PROBLEM. Write out the data that follows exactly, keeping every picture out.

DATA SECTION.

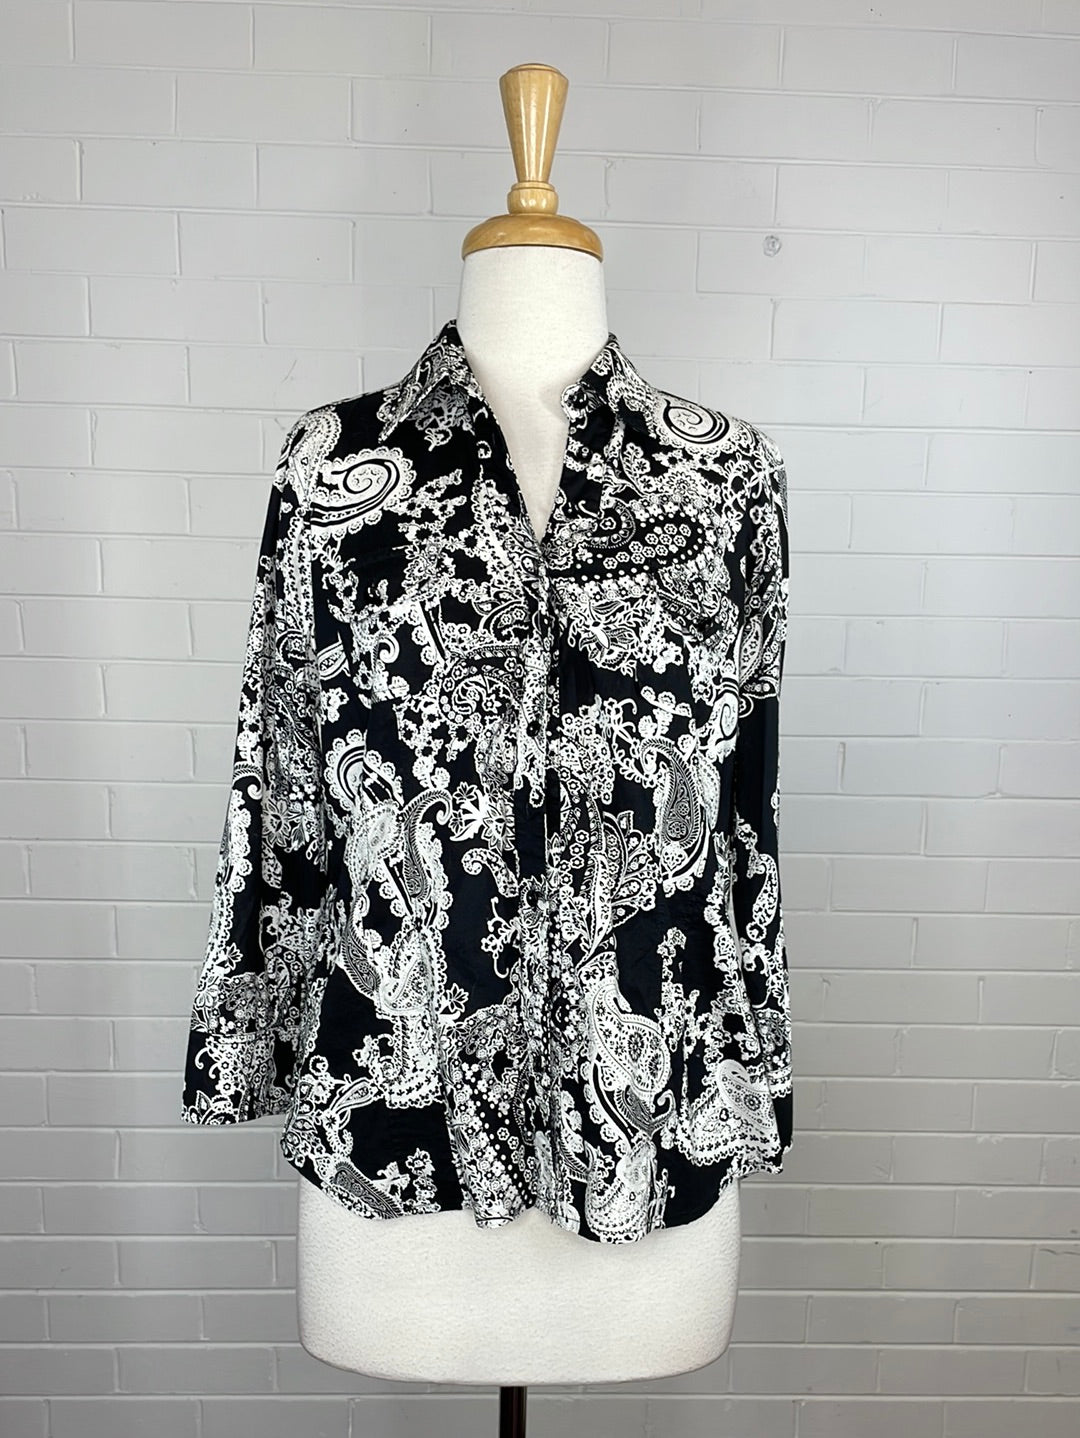 Kookai women's long sleeve black button front shirt blouse career
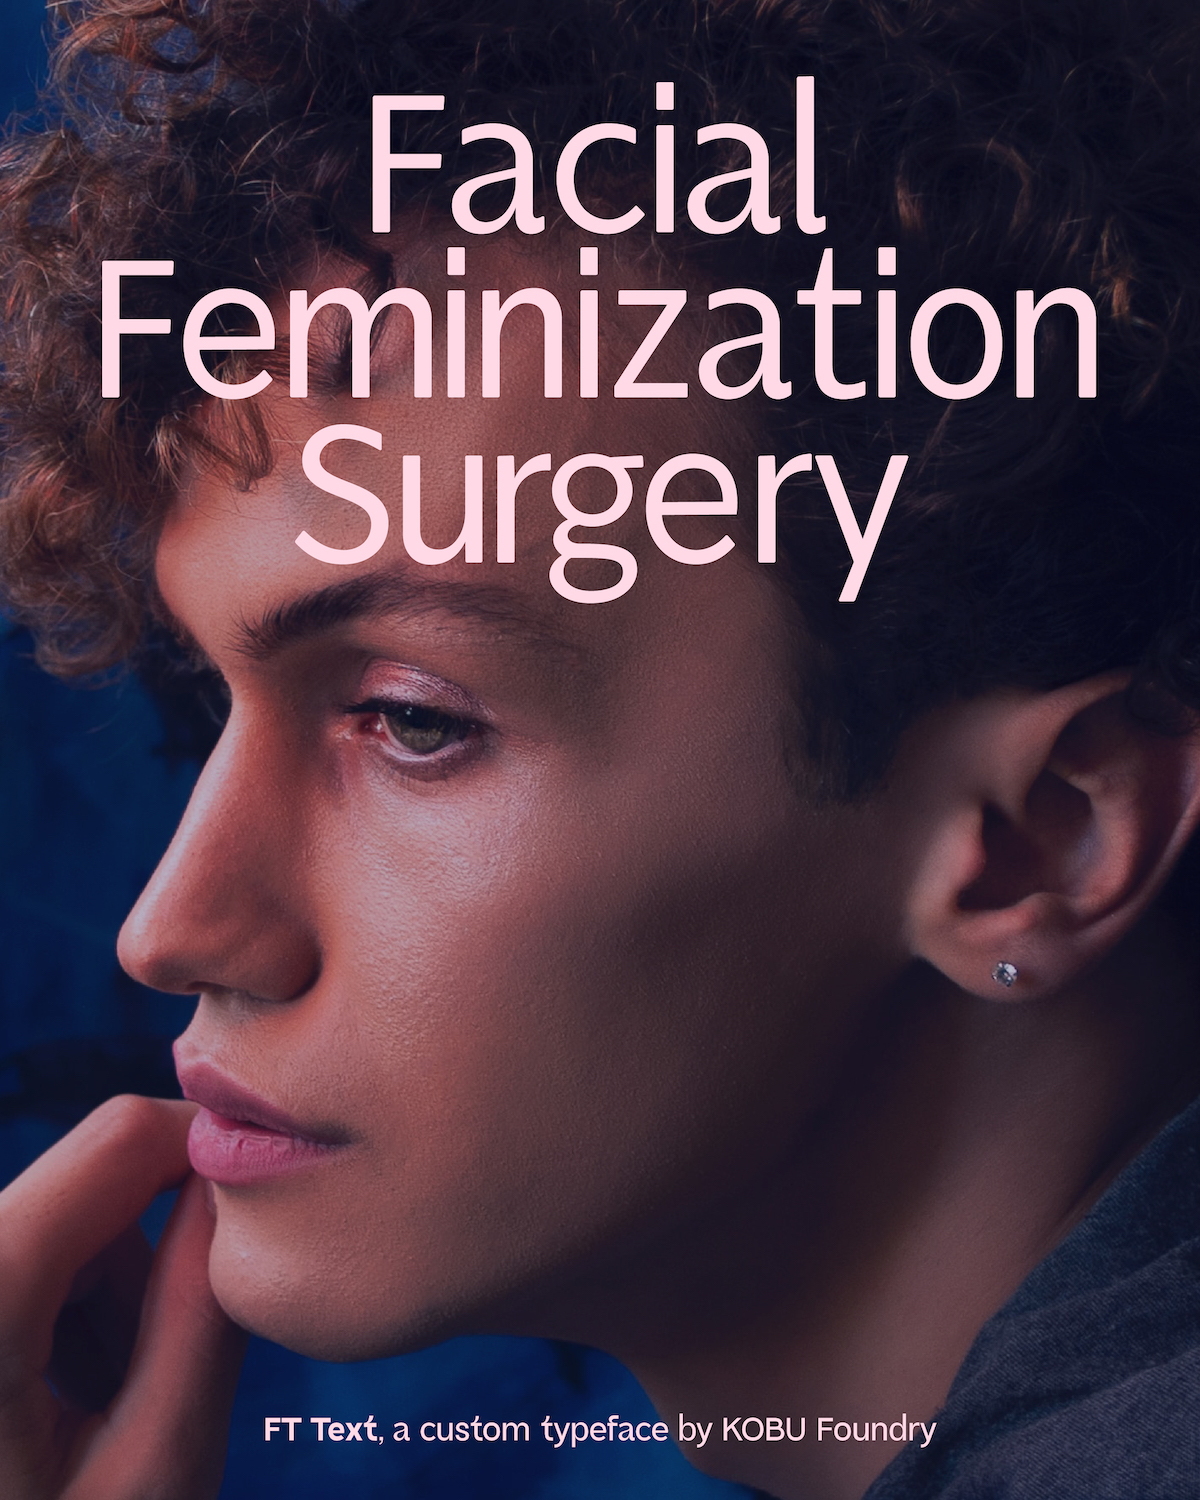 FT Text, a custom font by KOBU Foundry for Facialteam rebranding, 2022. Text reads: 'Facial Feminization Surgery' set on a portrait photograph.
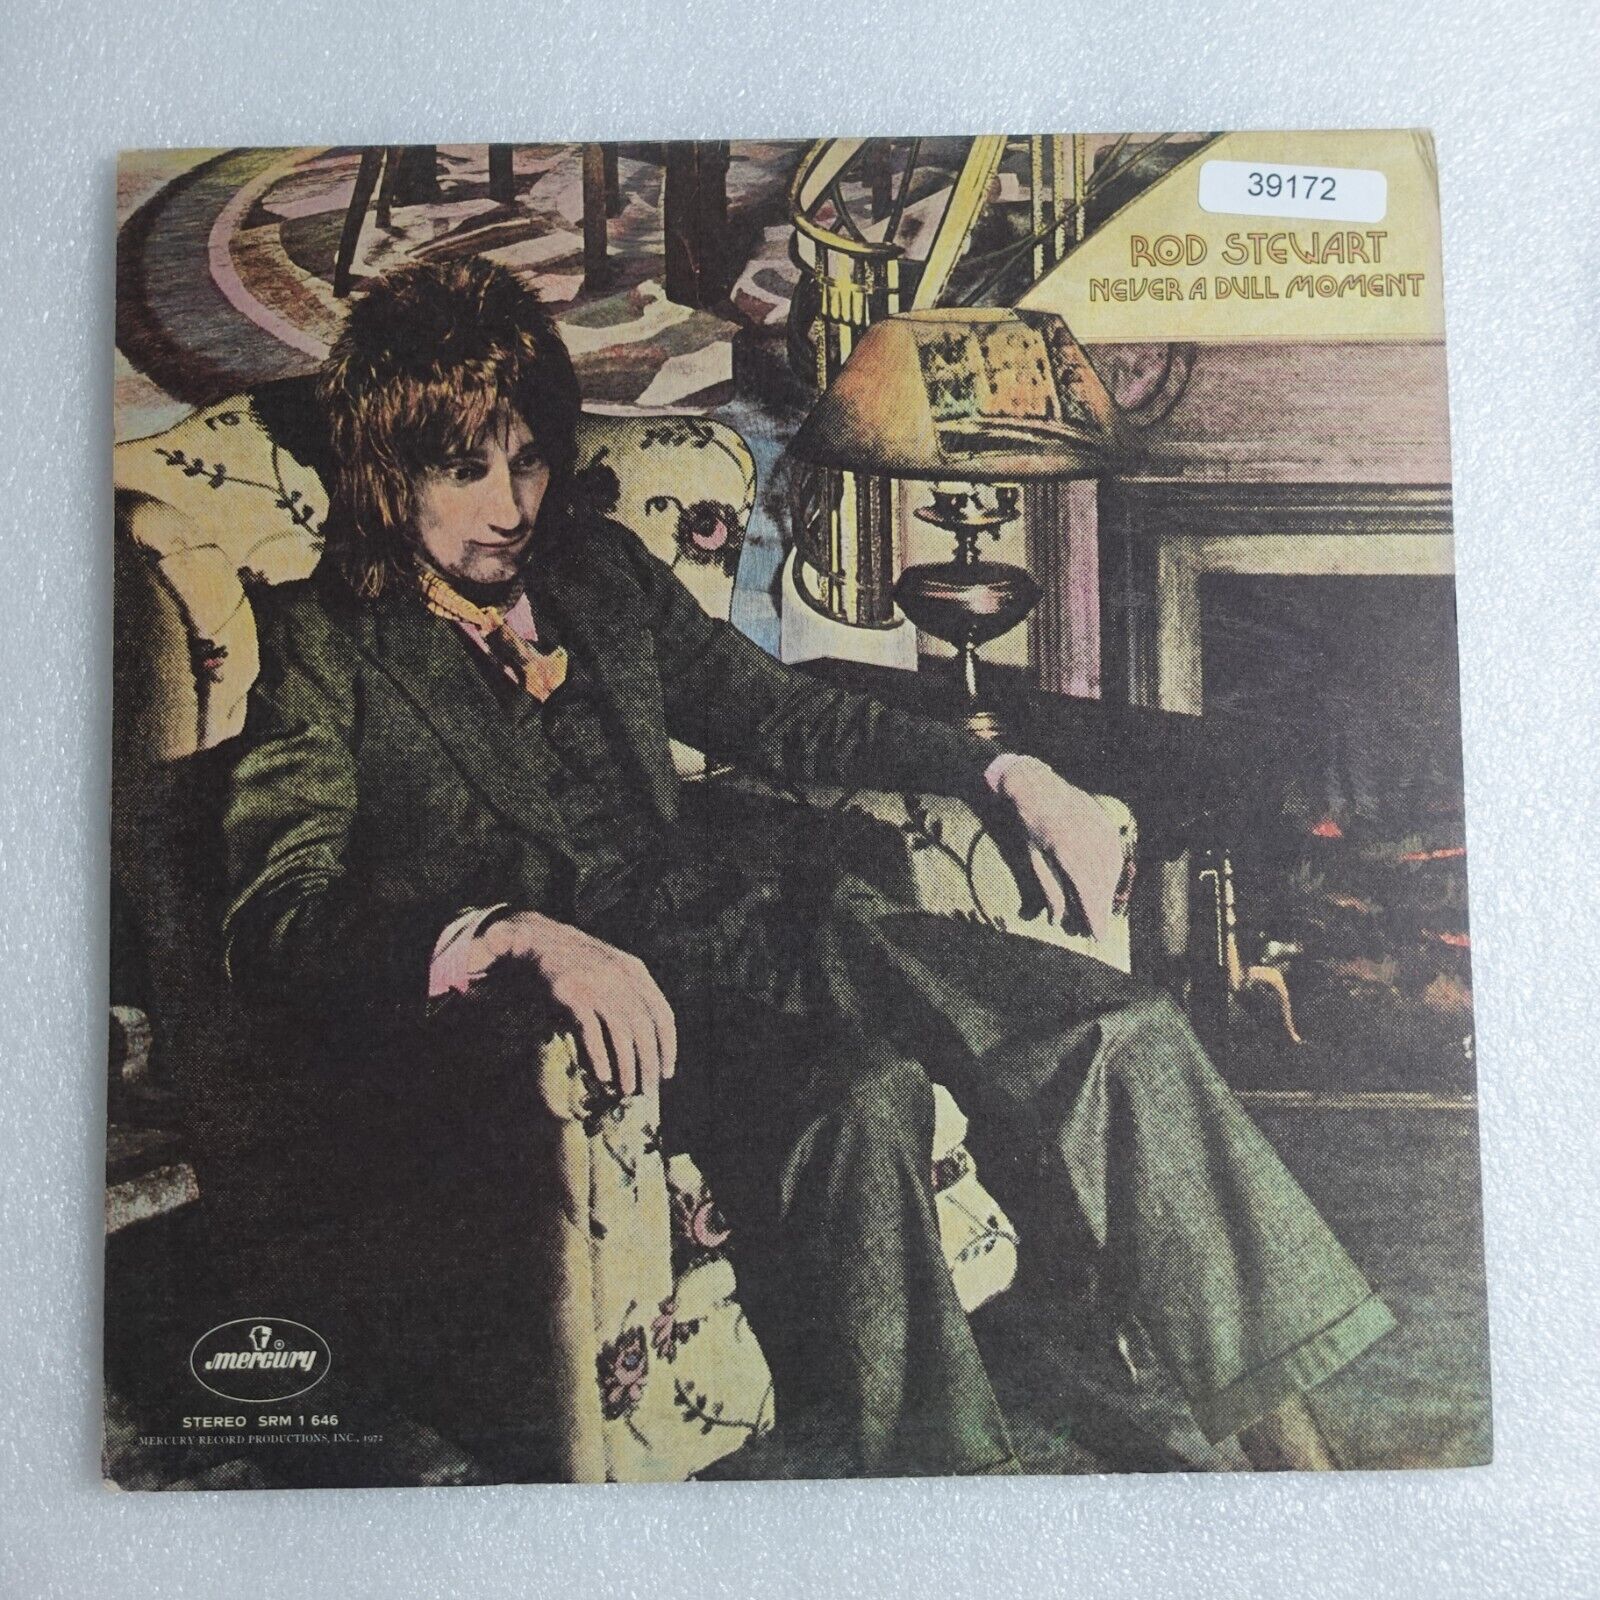 Rod Stewart Never A Dull Moment LP Vinyl Record Album
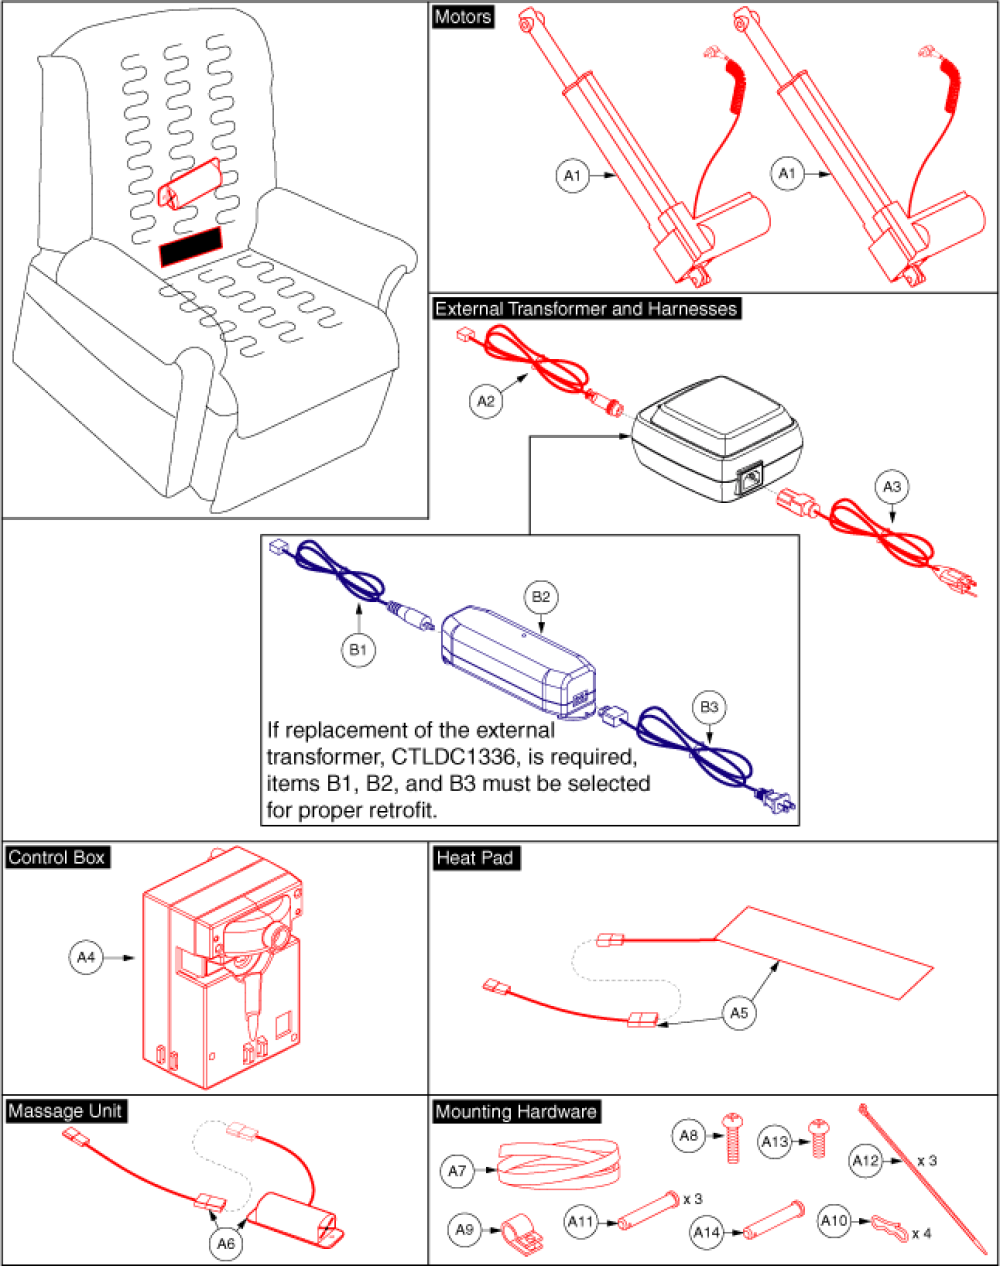 Motor Assembly - Infinite H/m Options (gen. 2) parts diagram

EXERCISE RESPONSE.
 Kookai women's long sleeve black button front shirt blouse career
 FT Text, a custom font by KOBU Foundry for Facialteam rebranding, 2022. Text reads: 'Facial Feminization Surgery' set on a portrait photograph.
 Rod Stewart Never A Dull Moment LP Vinyl Record Album
 Motor Assembly - Infinite H/m Options (gen. 2) parts diagram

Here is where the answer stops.